Carolina Cid-Castro,Julio Morán,Stefano Falone

doi:10.1155/2021/8832863

Abstract

Reactive oxygen species (ROS) production has been associated with neuronal death. ROS are also involved in mitochondrial fission, which is mediated by Dynamin-related protein 1 (Drp1). The regulation of mitochondrial fragmentation mediated by Drp1 and its relationship to mitochondrial ROS (mtROS) in neuronal death have not been completely clarified. The aim of this study is to evaluate the role of mtROS in cell death and their involvement in the activation of Drp1 and mitochondrial fission in a model of cell death of cultured cerebellar granule neurons (CGN). Neuronal death of CGN induced by potassium deprivation (K5) and staurosporine (ST) triggers mitochondrial ROS production and mitochondrial fragmentation. K5 condition evoked an increase of Drp1 phosphorylation at Ser616, but ST treatment led to a decrease of Drp1 phosphorylation. Moreover, the death of CGN induced by both K5 and ST was markedly reduced in the presence of MitoTEMPO; however, mitochondrial morphology was not recovered.
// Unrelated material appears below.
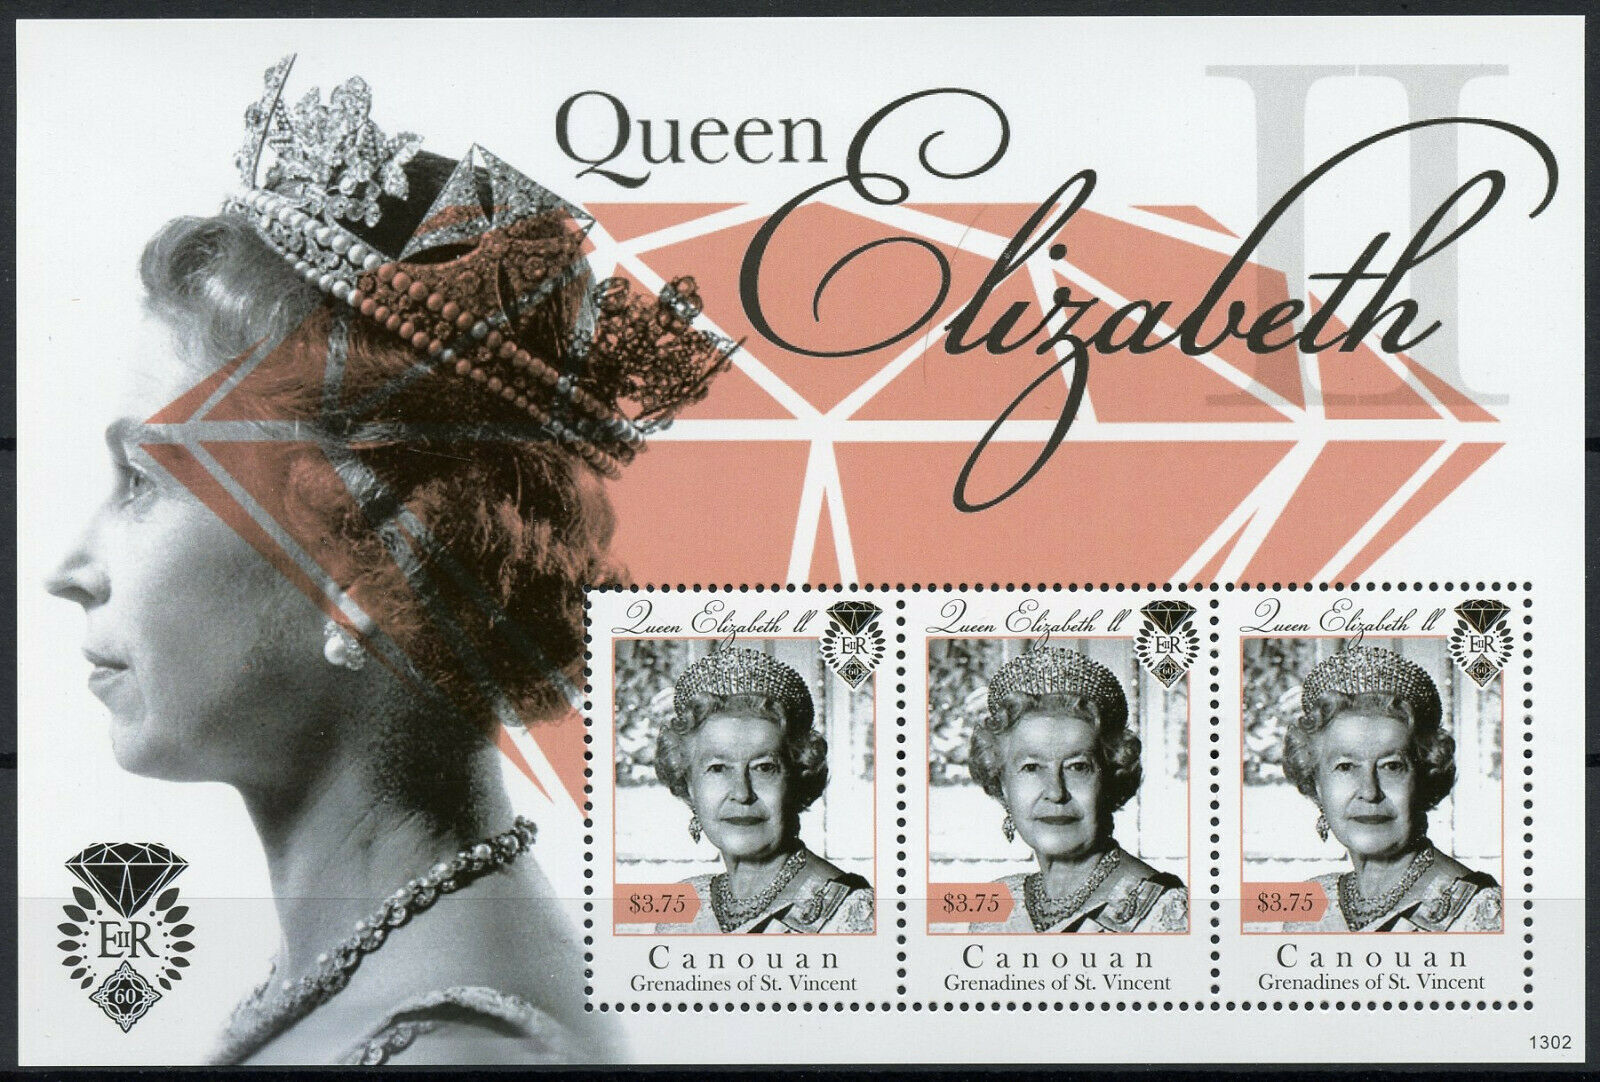 Canouan Gren St Vincent Stamps 2013 MNH Royalty Stamps Queen Elizabeth II Diamond Jubilee 3v MS
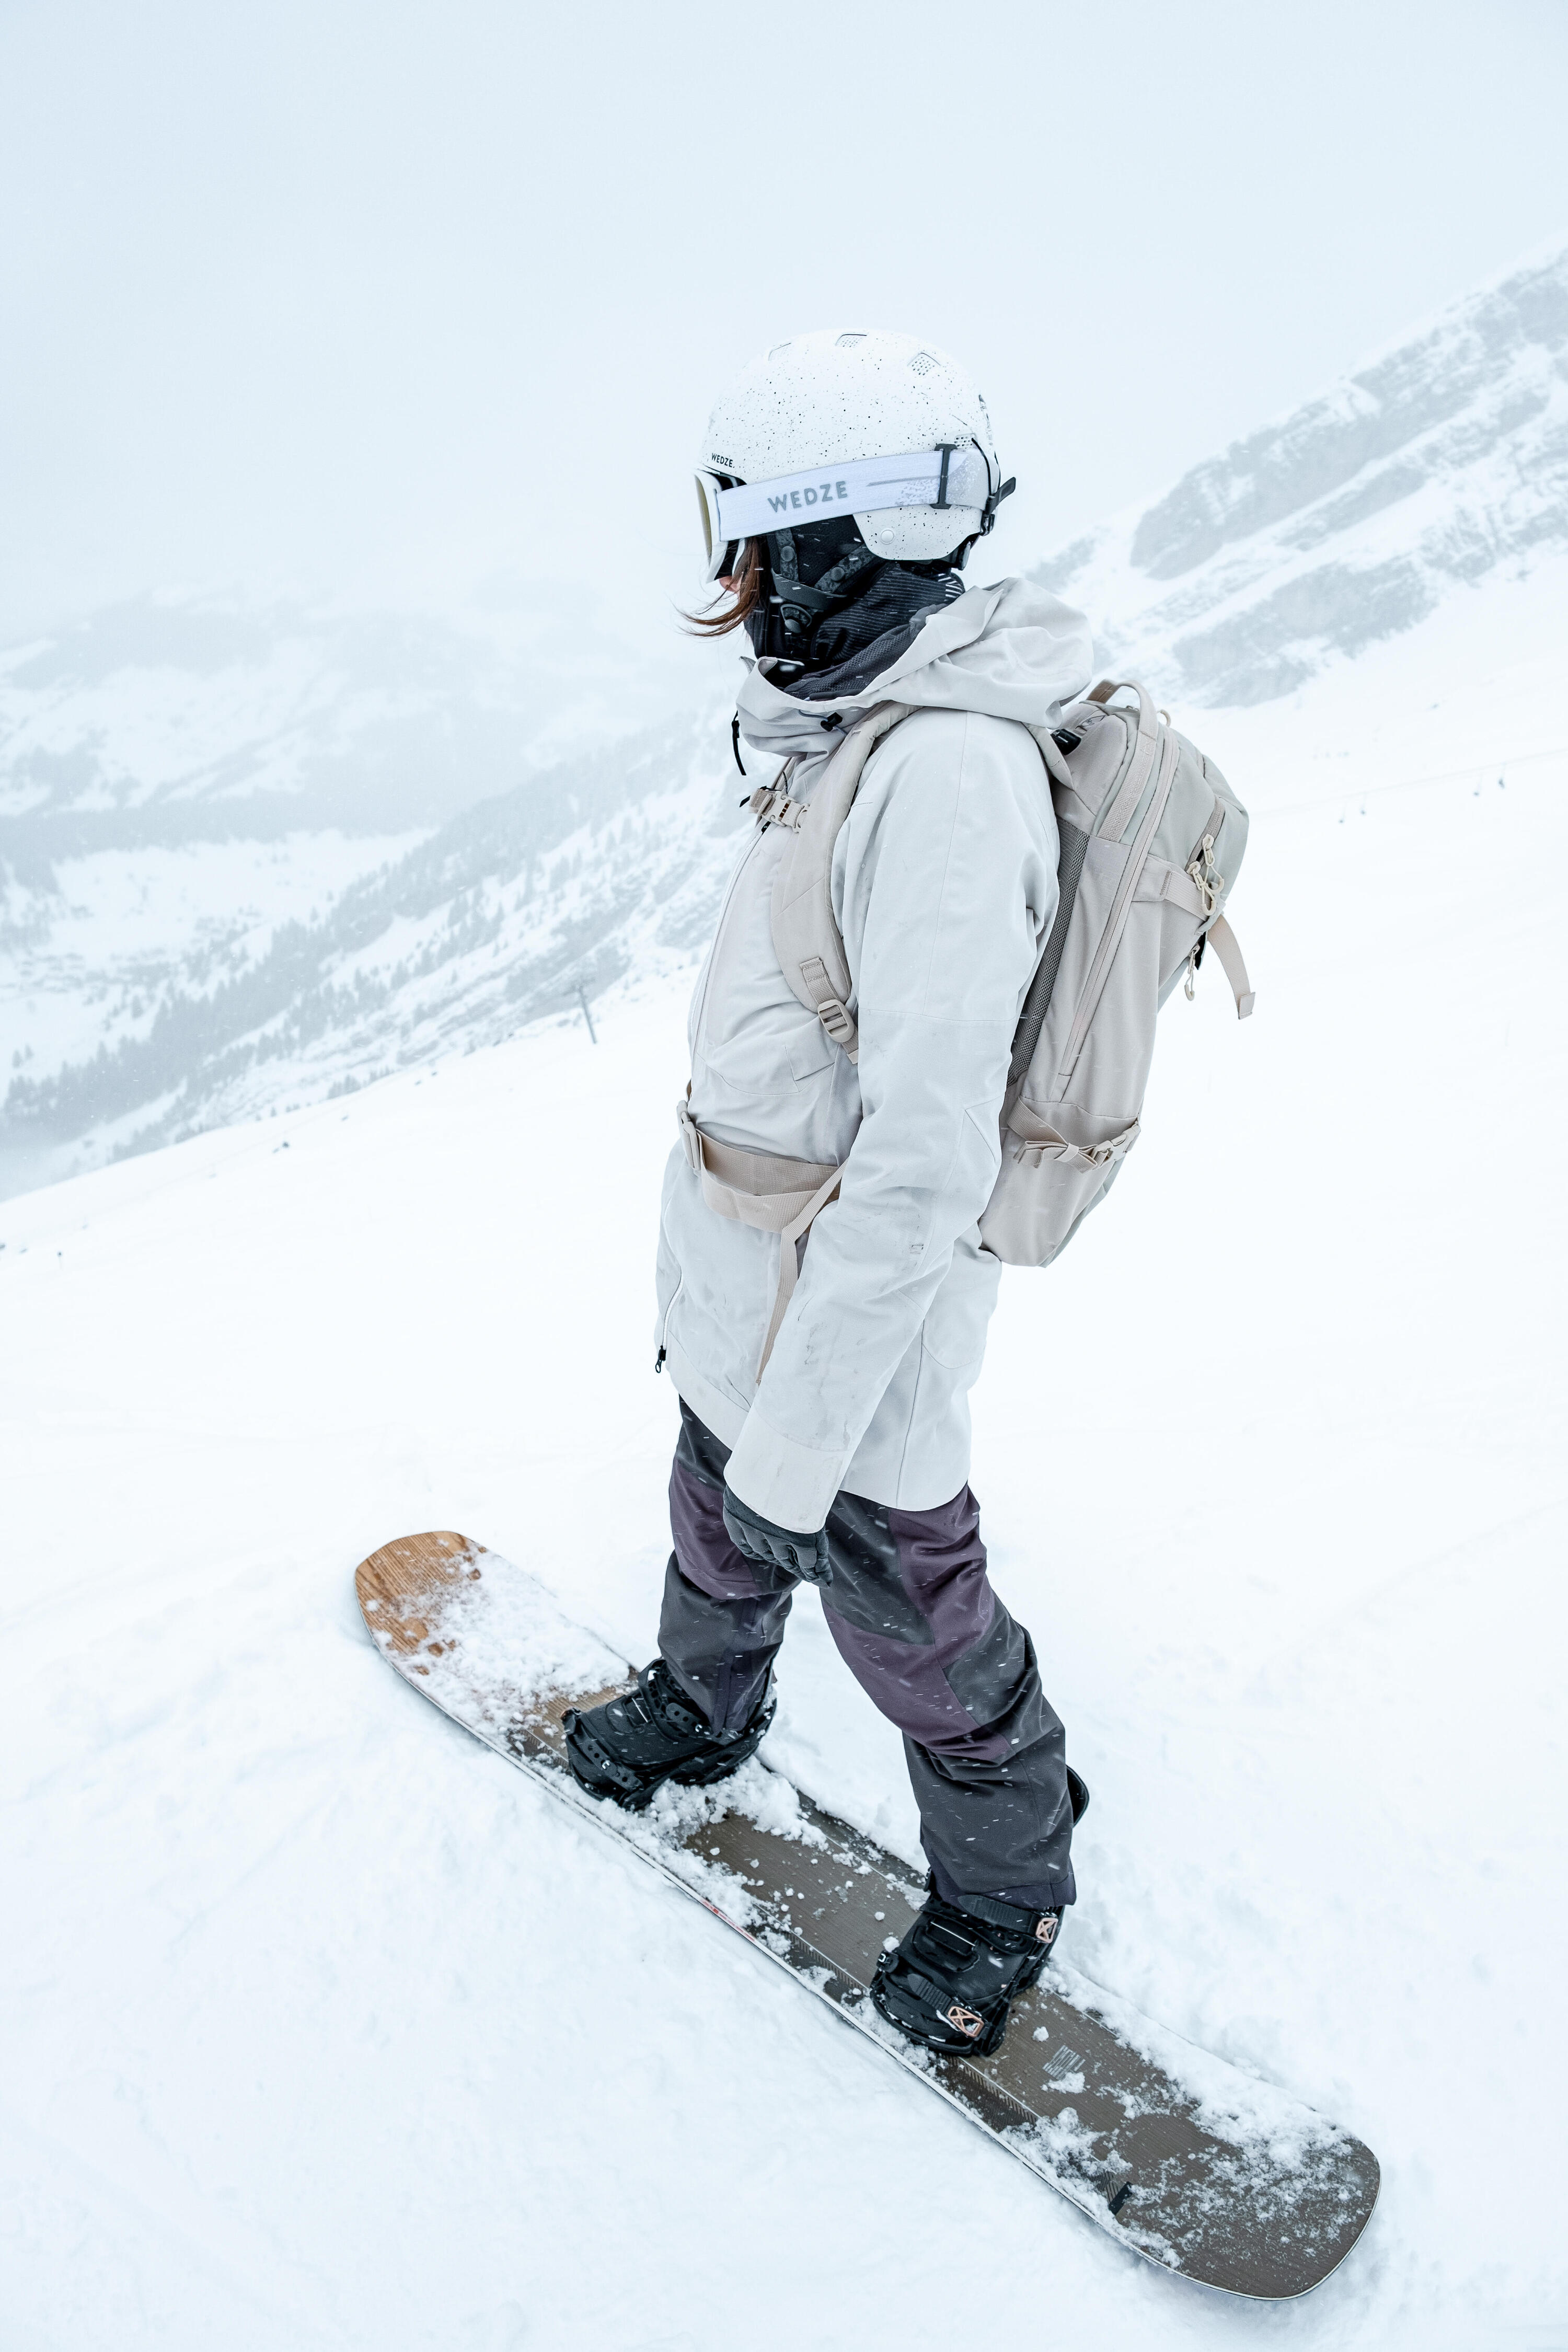 Double wheel snowboard boots, rigid flex - Allroad 900 Grey 2/15

Here, we show that the mitochondria are the initial source of ROS involved in the neuronal death of CGN and that mitochondrial fragmentation is a common event in cell death; however, this process is not mediated by Drp1 phosphorylation at Ser616.

Highlights

Neuronal apoptotic death can be identified by multiple biochemical features [1,2,3] that involves the activation of several signaling pathways [3,4,5,6]
In order to clarify the role of potassium deprivation in the process of mitochondrial fission, we evaluated the activation of Dynamin-related protein 1 (Drp1) measured as Drp1 phosphorylation at Ser616
Since mitochondrial ROS (mtROS) mediated the phosphorylation of Drp1 (Ser616) induced by potassium deprivation, we examined whether MitoTEMPO affected the observed effect of K5 on mitochondrial morphology; we did not observe any effect of MitoTEMPO on the decrease in mitochondrial length induced by K5 at 24 h (Figure 6(a))

Summary

Introduction

Neuronal apoptotic death can be identified by multiple biochemical features [1,2,3] that involves the activation of several signaling pathways [3,4,5,6]. The high levels of ROS observed during neuronal death have been associated with morphological changes of mitochondria [18, 19]. These alterations have been linked to a process known as mitochondrial dynamics that refers to a highly coordinated event responsible for the fusion and fission of the mitochondria [20,21,22,23]. This process is orchestrated by a family of GTPases called mitofusin 1 (Mfn1), mitofusin 2 (Mfn2), and optic atrophy 1 (Opa1) that are responsible for the fusion of the inner mitochondrial membranes. An impairment in the expression or function of these proteins has been associated with pathologies of the nervous system such as Parkinson’s disease, autosomal dominant optic atrophy, Charcot-Marie-Tooth disease, Leigh syndrome, and amyotrophic lateral sclerosis, among others [29,30,31,32,33]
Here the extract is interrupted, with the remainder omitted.